Frequently Asked Questions

What is the rotator cuff, and why does it hurt when I raise my arm?

The rotator cuff is a group of muscles and tendons that wrap around your shoulder. It helps you lift and rotate your arm. When these tendons get irritated or torn, it can cause pain, especially when you try to lift your arm overhead.

What’s the difference between tendinitis and bursitis?

Tendinitis is when the tendons in your shoulder become inflamed, often due to overuse. Bursitis is when the small, fluid-filled sacs (bursae) that cushion your shoulder joint get swollen and irritated. They often happen together and can cause pain when you move your arm.

What is ‘frozen shoulder’?

Frozen shoulder, also called adhesive capsulitis, is when the tissues around your shoulder joint get stiff and thick. This makes it very hard and painful to move your arm, making it feel ‘frozen’ in place.
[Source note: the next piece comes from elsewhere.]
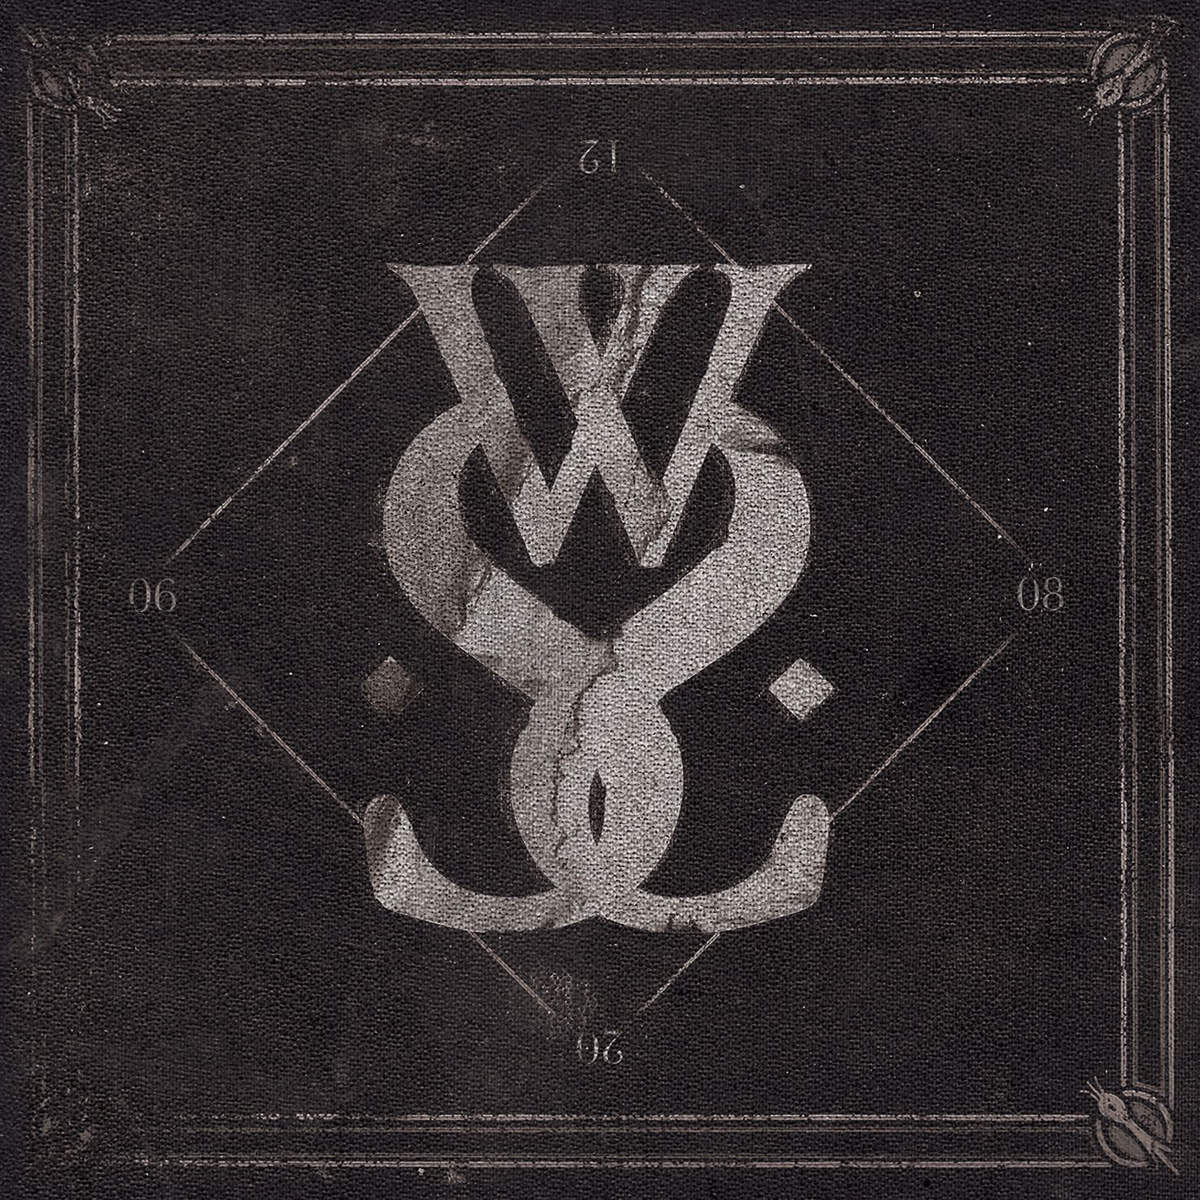 While She Sleeps - This Is The Six (2012)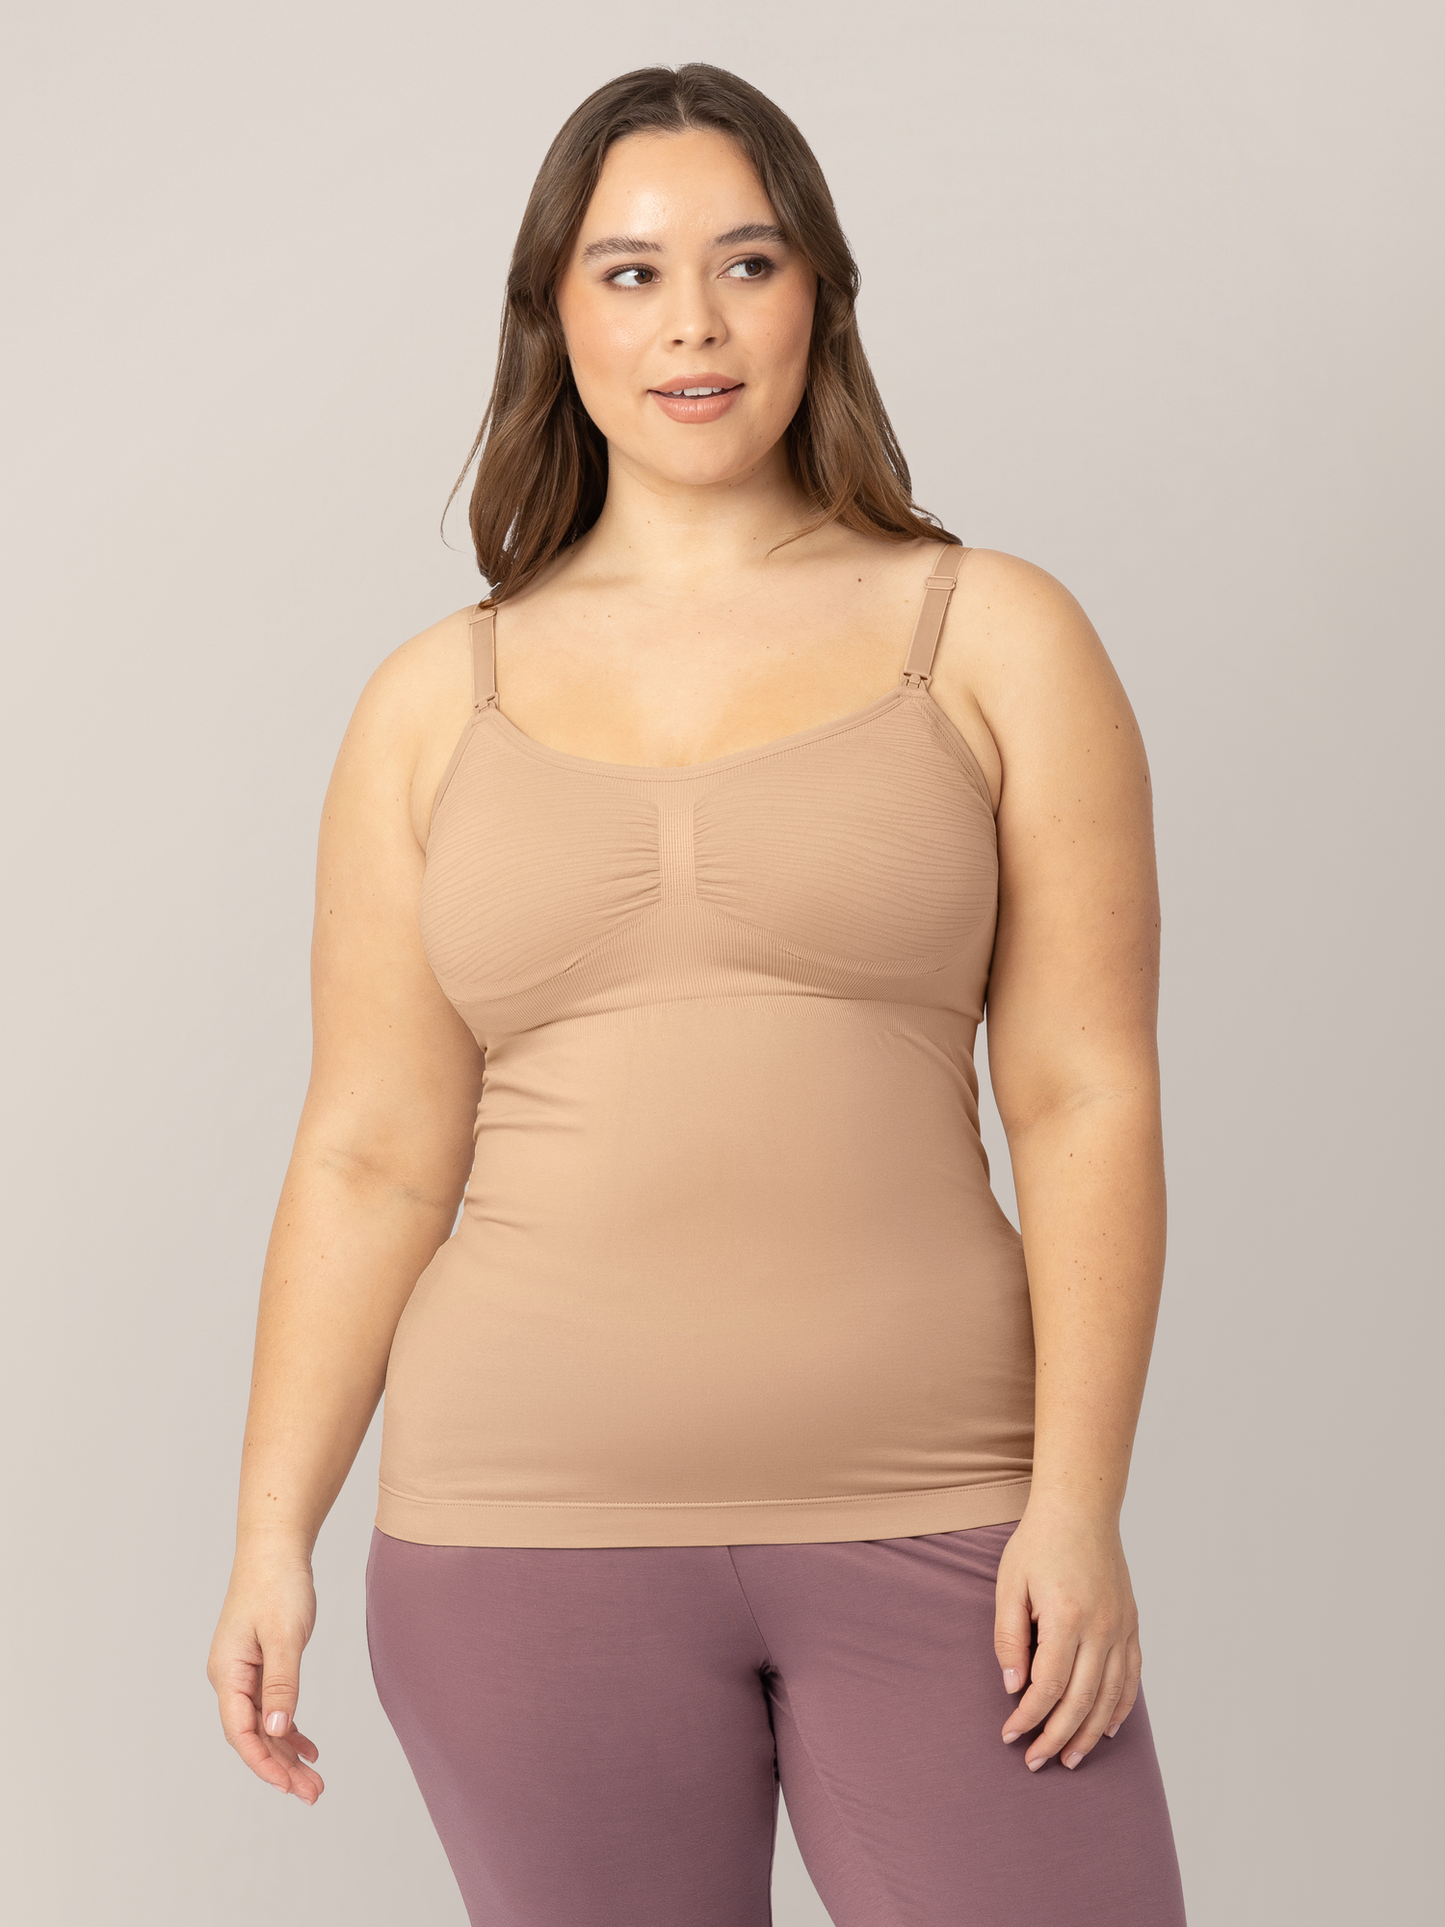 Model wearing the Sublime® Hands-Free Pumping & Nursing Tank in Beige with her hands at her sides.

Can arthritis cause shoulder pain when raising my arm?

Yes, arthritis in the shoulder joint can cause pain and stiffness. This happens when the smooth cartilage that covers the ends of your bones wears away, leading to friction and discomfort, especially with movement.

How do doctors figure out what’s causing my shoulder pain?

Doctors usually start by asking about your symptoms and medical history. Then, they’ll examine your shoulder, checking its movement and strength. Sometimes, they might use X-rays, MRIs, or ultrasounds to get a better look inside.

What are some simple things I can do at home for shoulder pain?

For mild pain, resting your arm and avoiding activities that make it worse can help. Over-the-counter pain relievers like ibuprofen can reduce swelling and discomfort. Applying ice for 15-20 minutes several times a day can also offer relief.